**INFORMATION SUPPLIED**

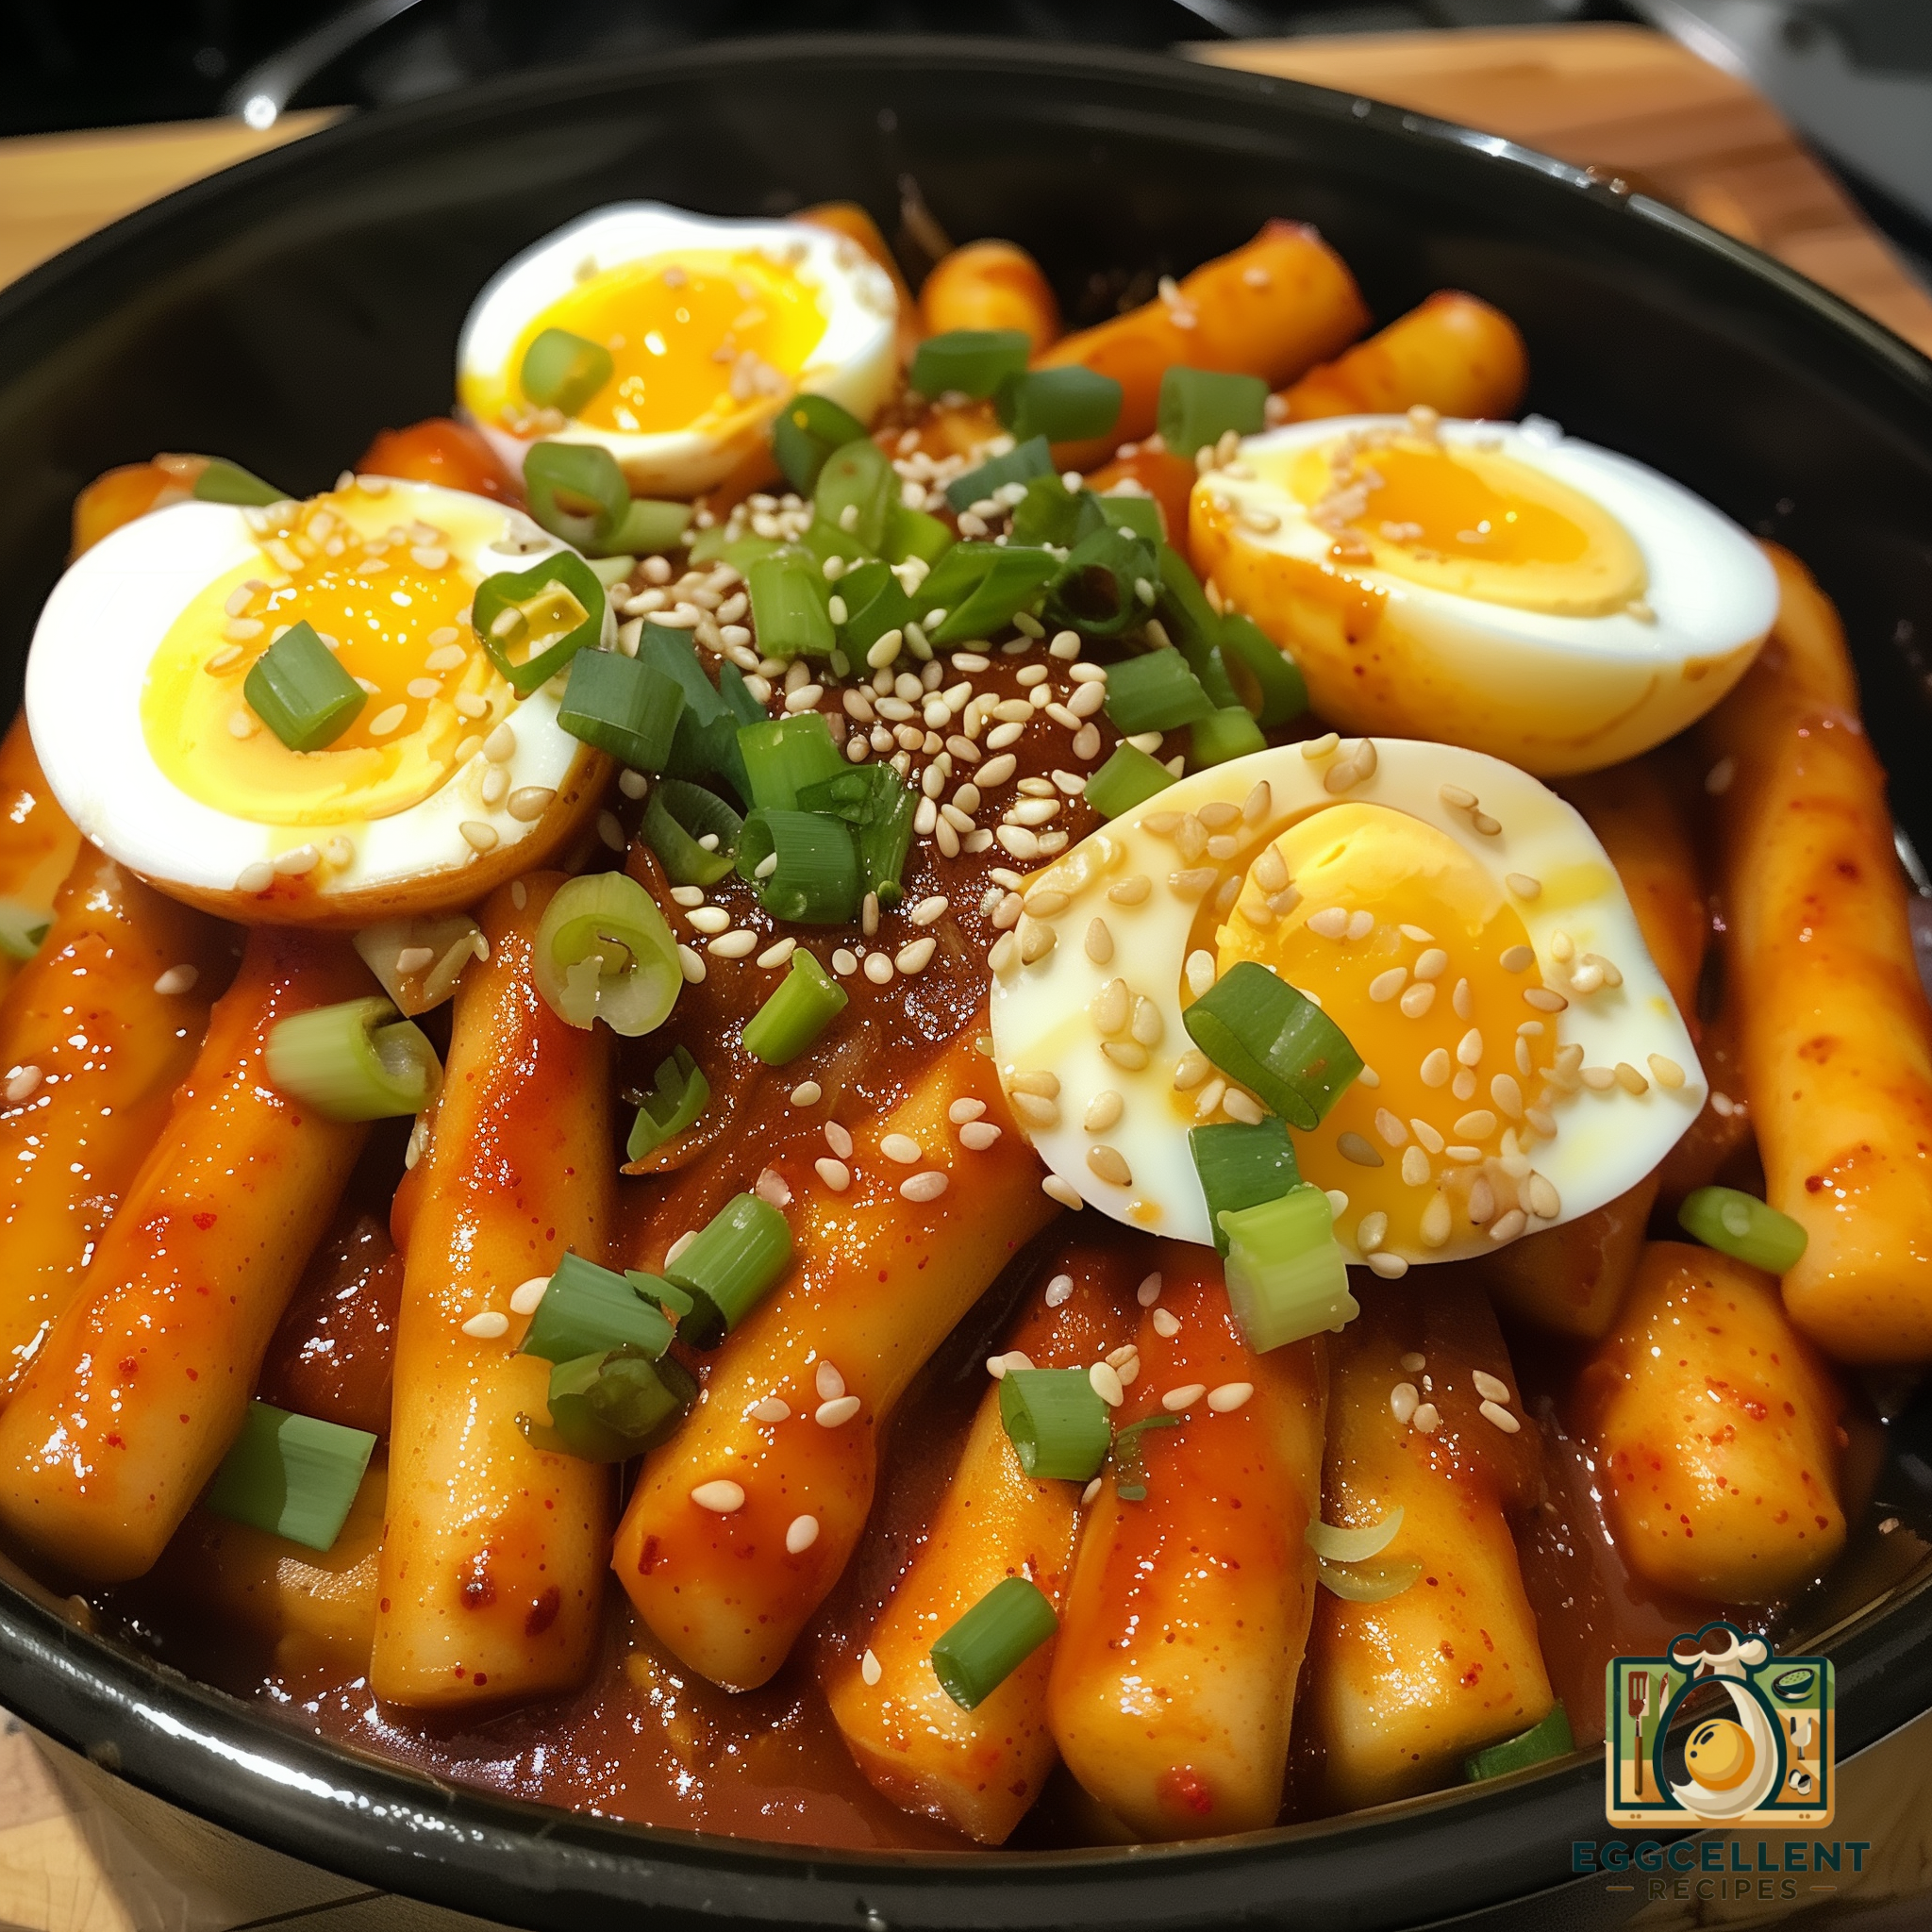 Korean Spicy Stir-Fried Rice Cakes (Tteokbokki with Boiled Eggs) Recipe
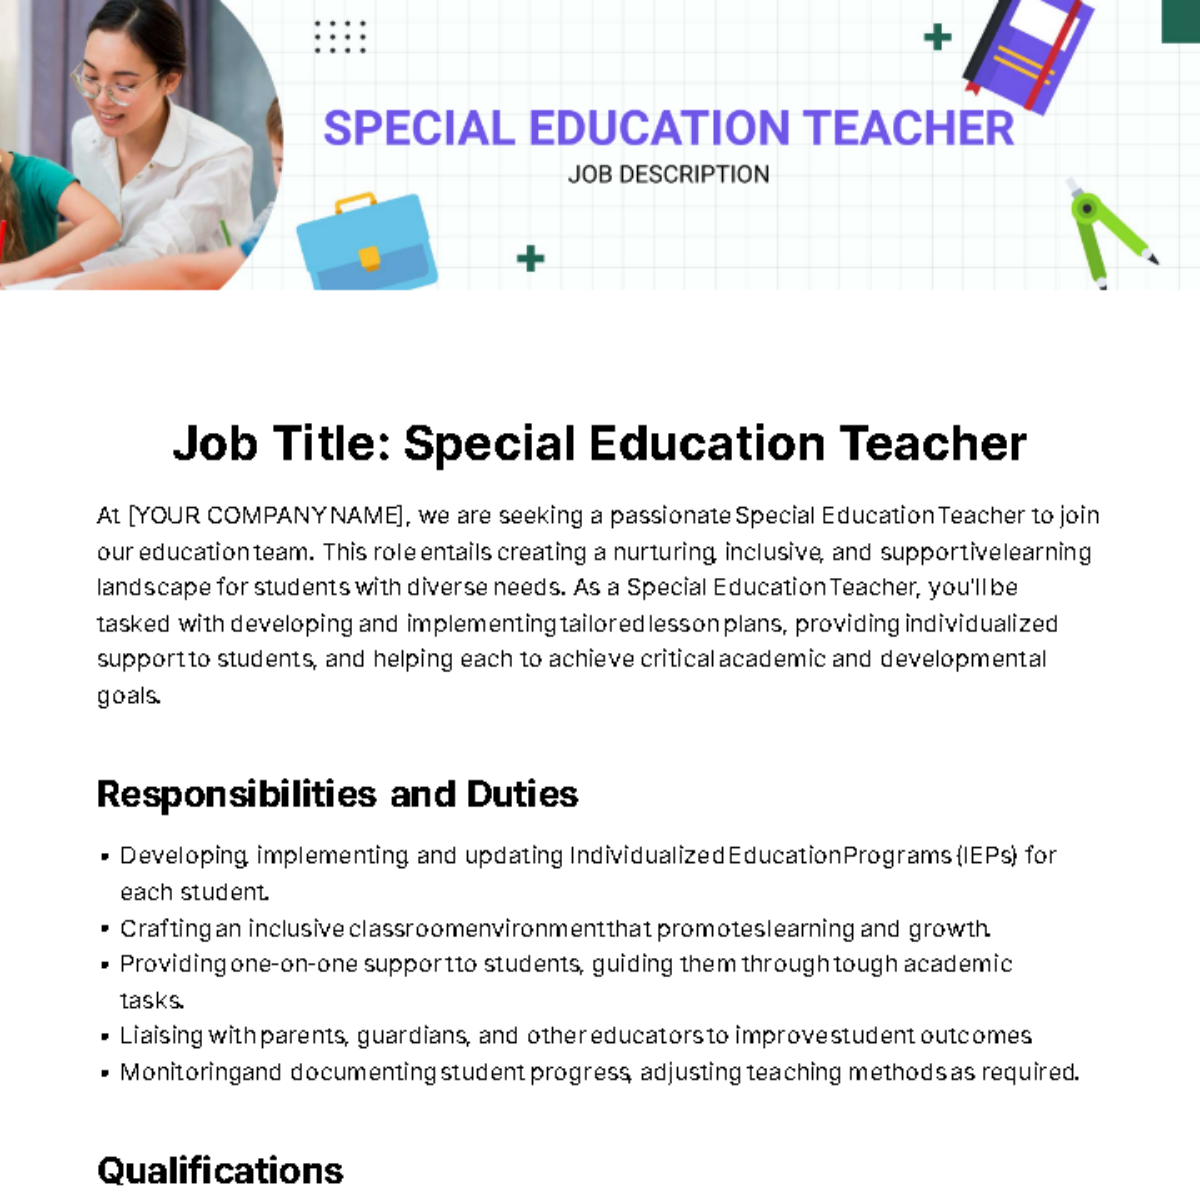 Special Education Teacher Job Description Template
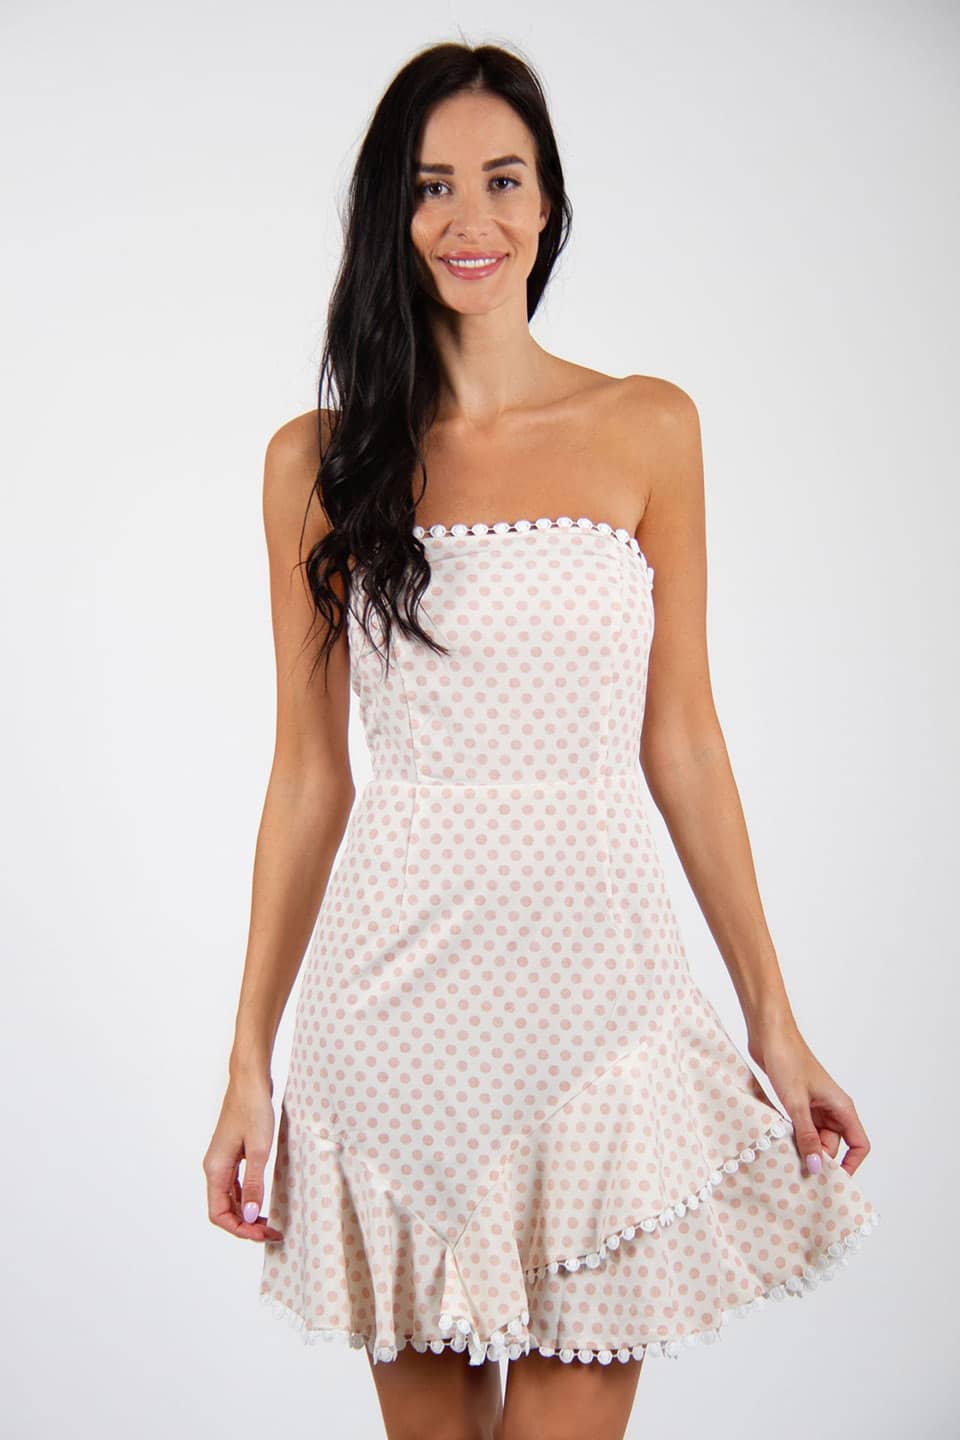 Dot printed, off-shoulder mini dress in white color. Model front posing
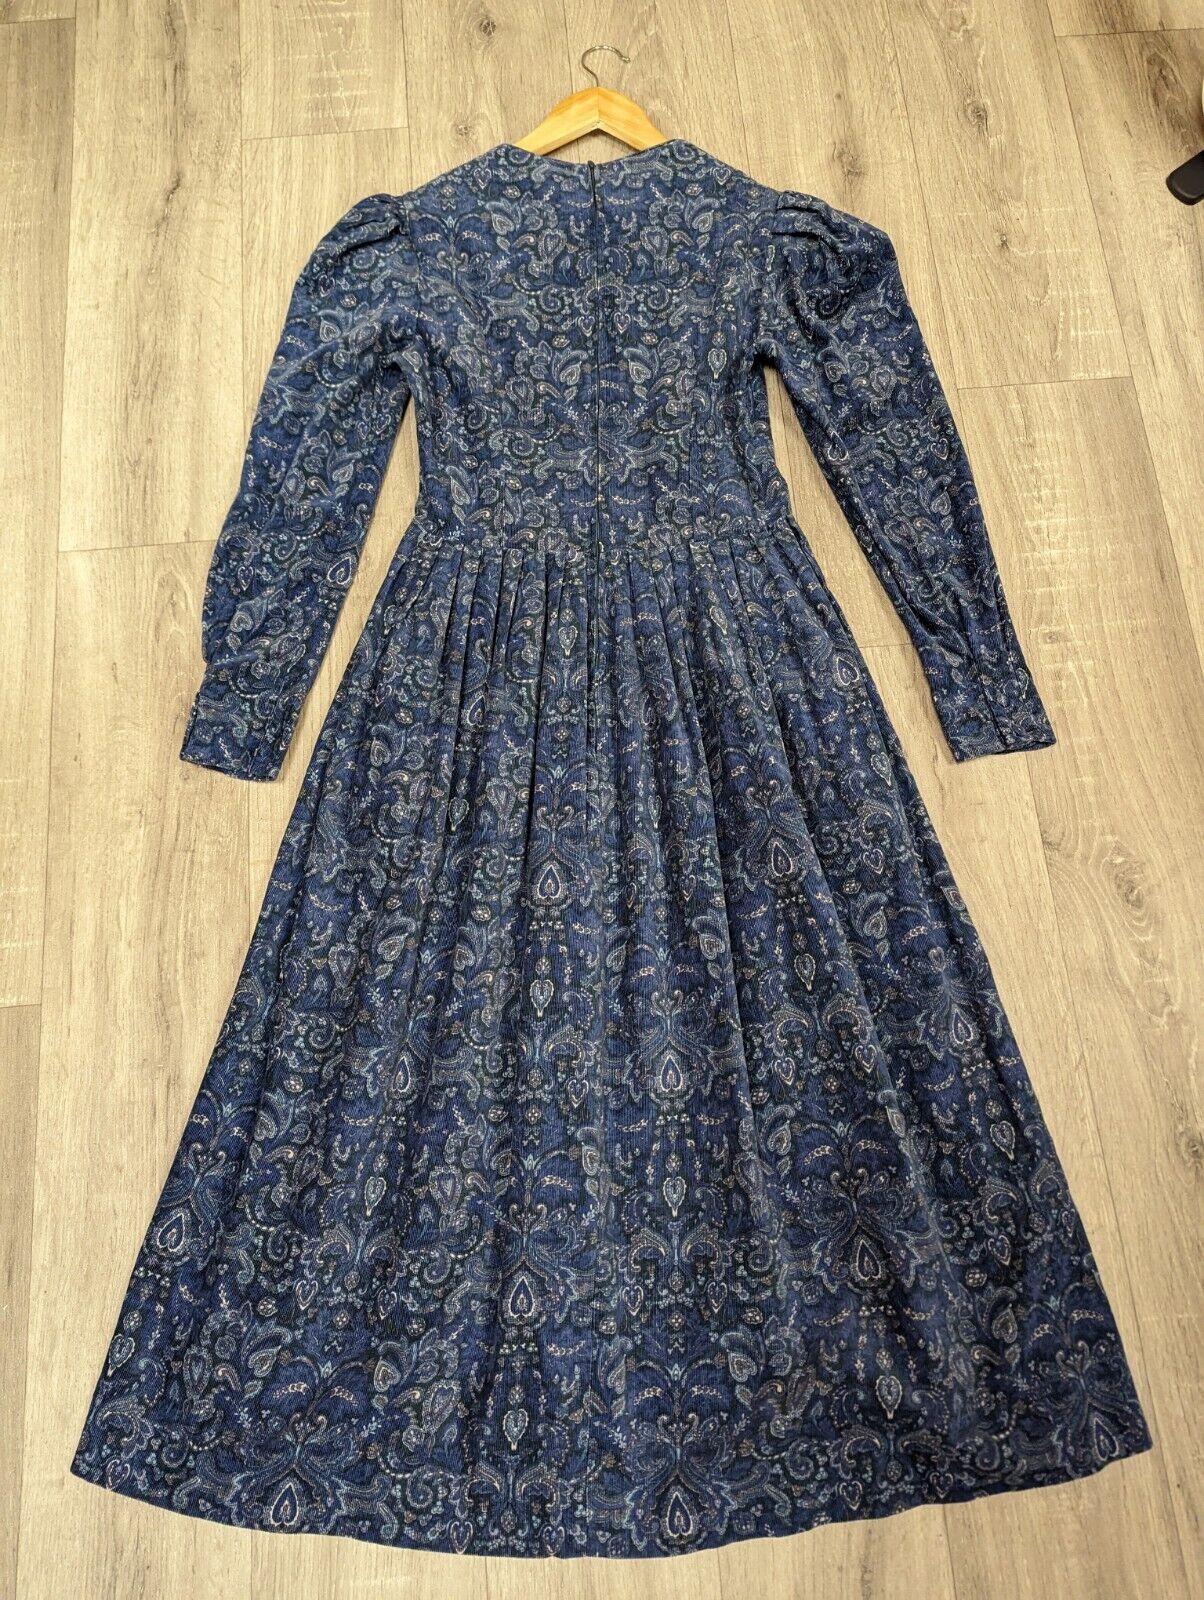 Gorgeous Vintage 1980s Laura Ashley Blue Needlecord Dress - Size 8 | eBay

**EXERCISE OBJECTIVE**
Locate "Special Education Teacher" in the listing above, then print exactly the lines from that line through the final one, omitting all pictures.

**EXERCISE RESPONSE**
 Special Education Teacher Job Description Template
 Dot printed, off-shoulder mini dress in white color. Model front posing
 Gorgeous Vintage 1980s Laura Ashley Blue Needlecord Dress - Size 8 | eBay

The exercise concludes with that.